── Recorded data

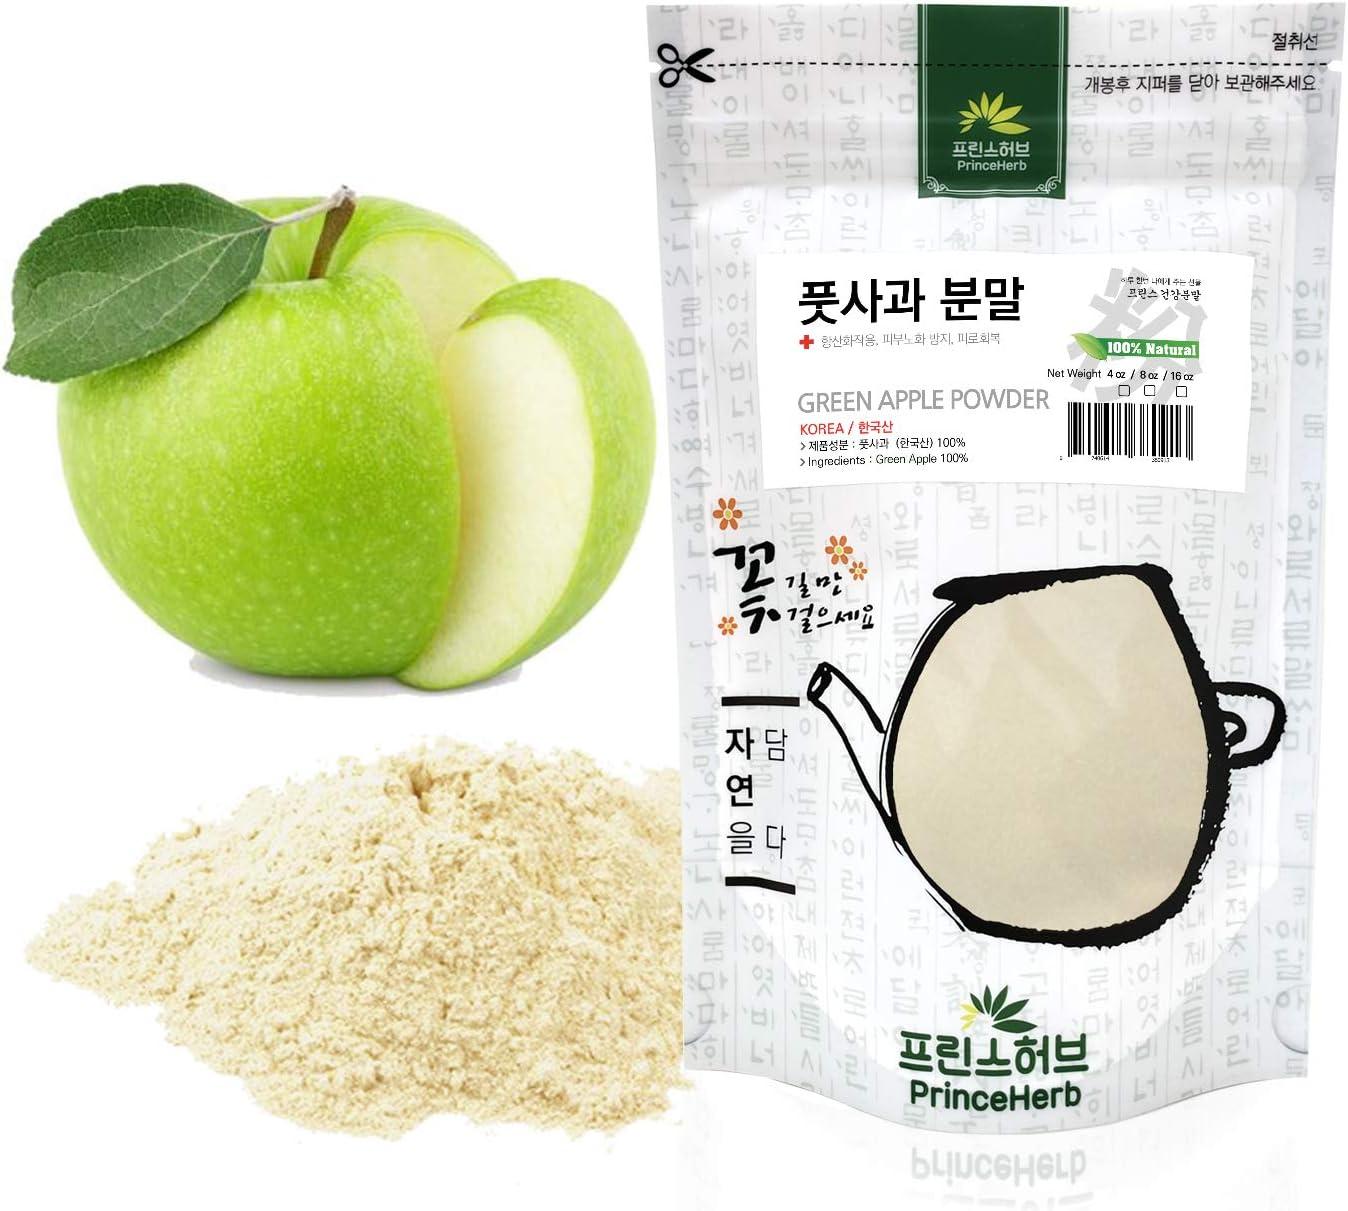 [Medicinal Korean Herbal Powder] 100% Natural Weight Loss Green Apple Powder (Qing Pingguo/풋사과 가루) (8 oz)
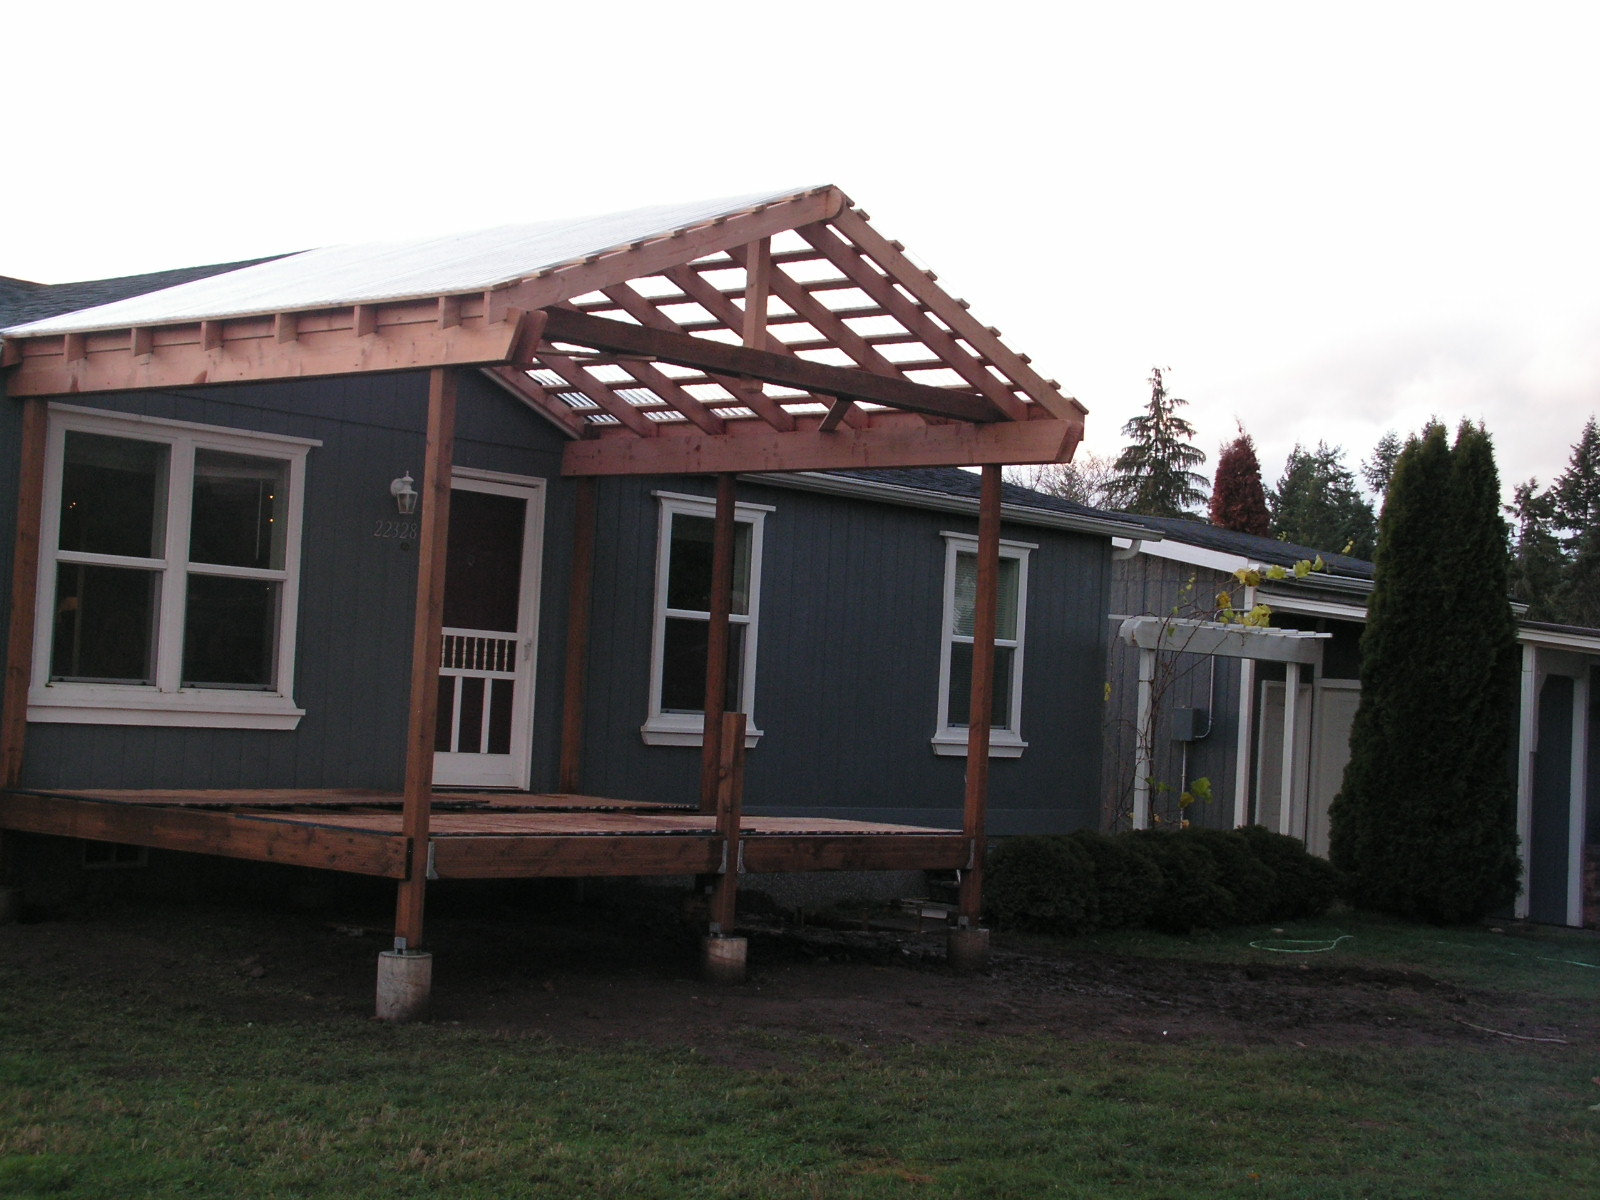 Raised Ranch Front Porch Design Joy Studio Design Front Porch Ideas Style For Ranch Home
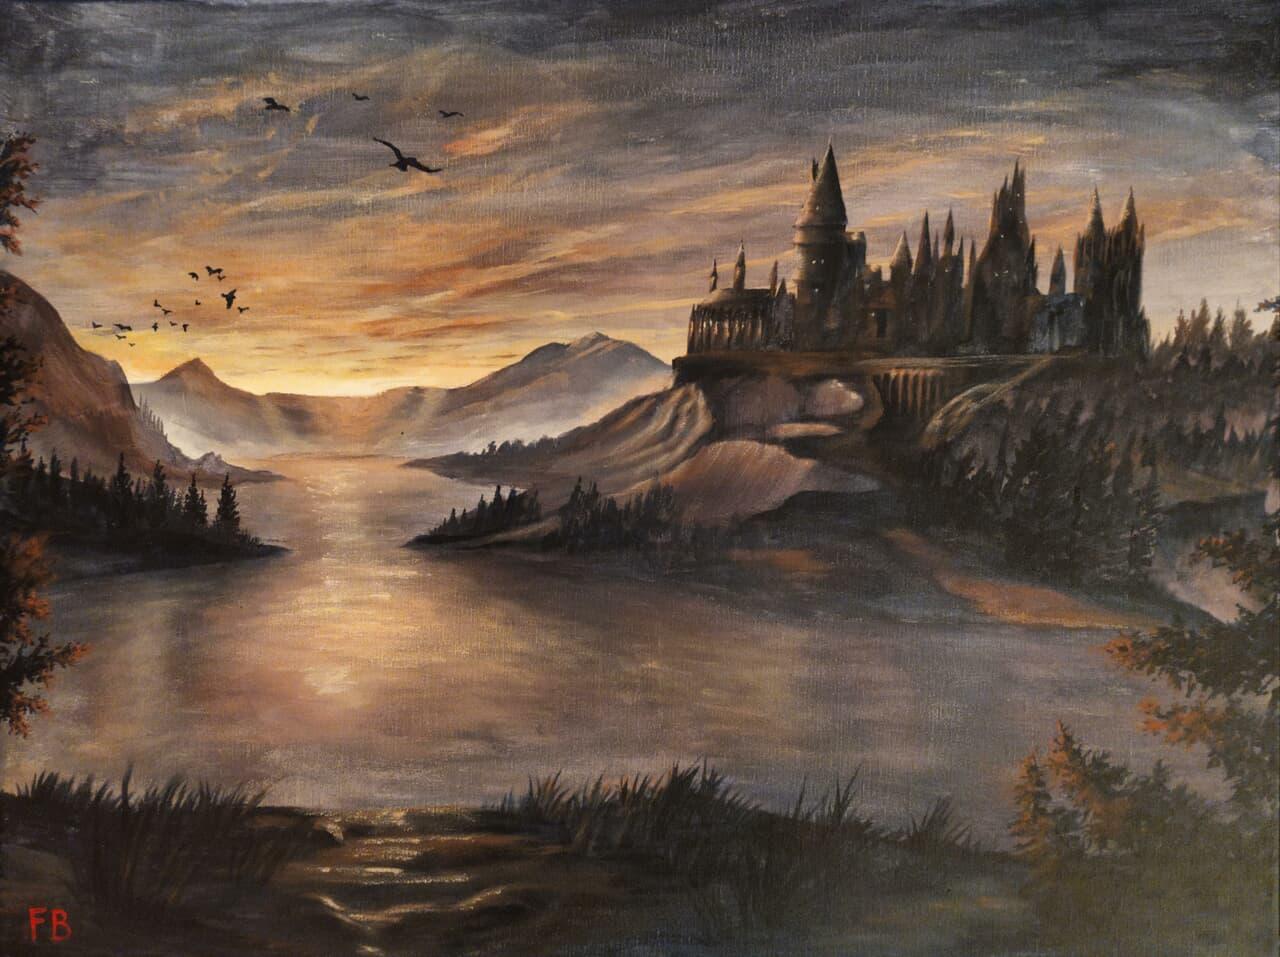 fantasy, hp, and article image

────

[Aim of the exercise] Nothing but the pictures is to be left out; repeat the data exactly.

[Exercise answer]
 [Medicinal Korean Herbal Powder] 100% Natural Weight Loss Green Apple Powder (Qing Pingguo/풋사과 가루) (8 oz)
 Raised Ranch Front Porch Design Joy Studio Design Front Porch Ideas Style For Ranch Home
 fantasy, hp, and article image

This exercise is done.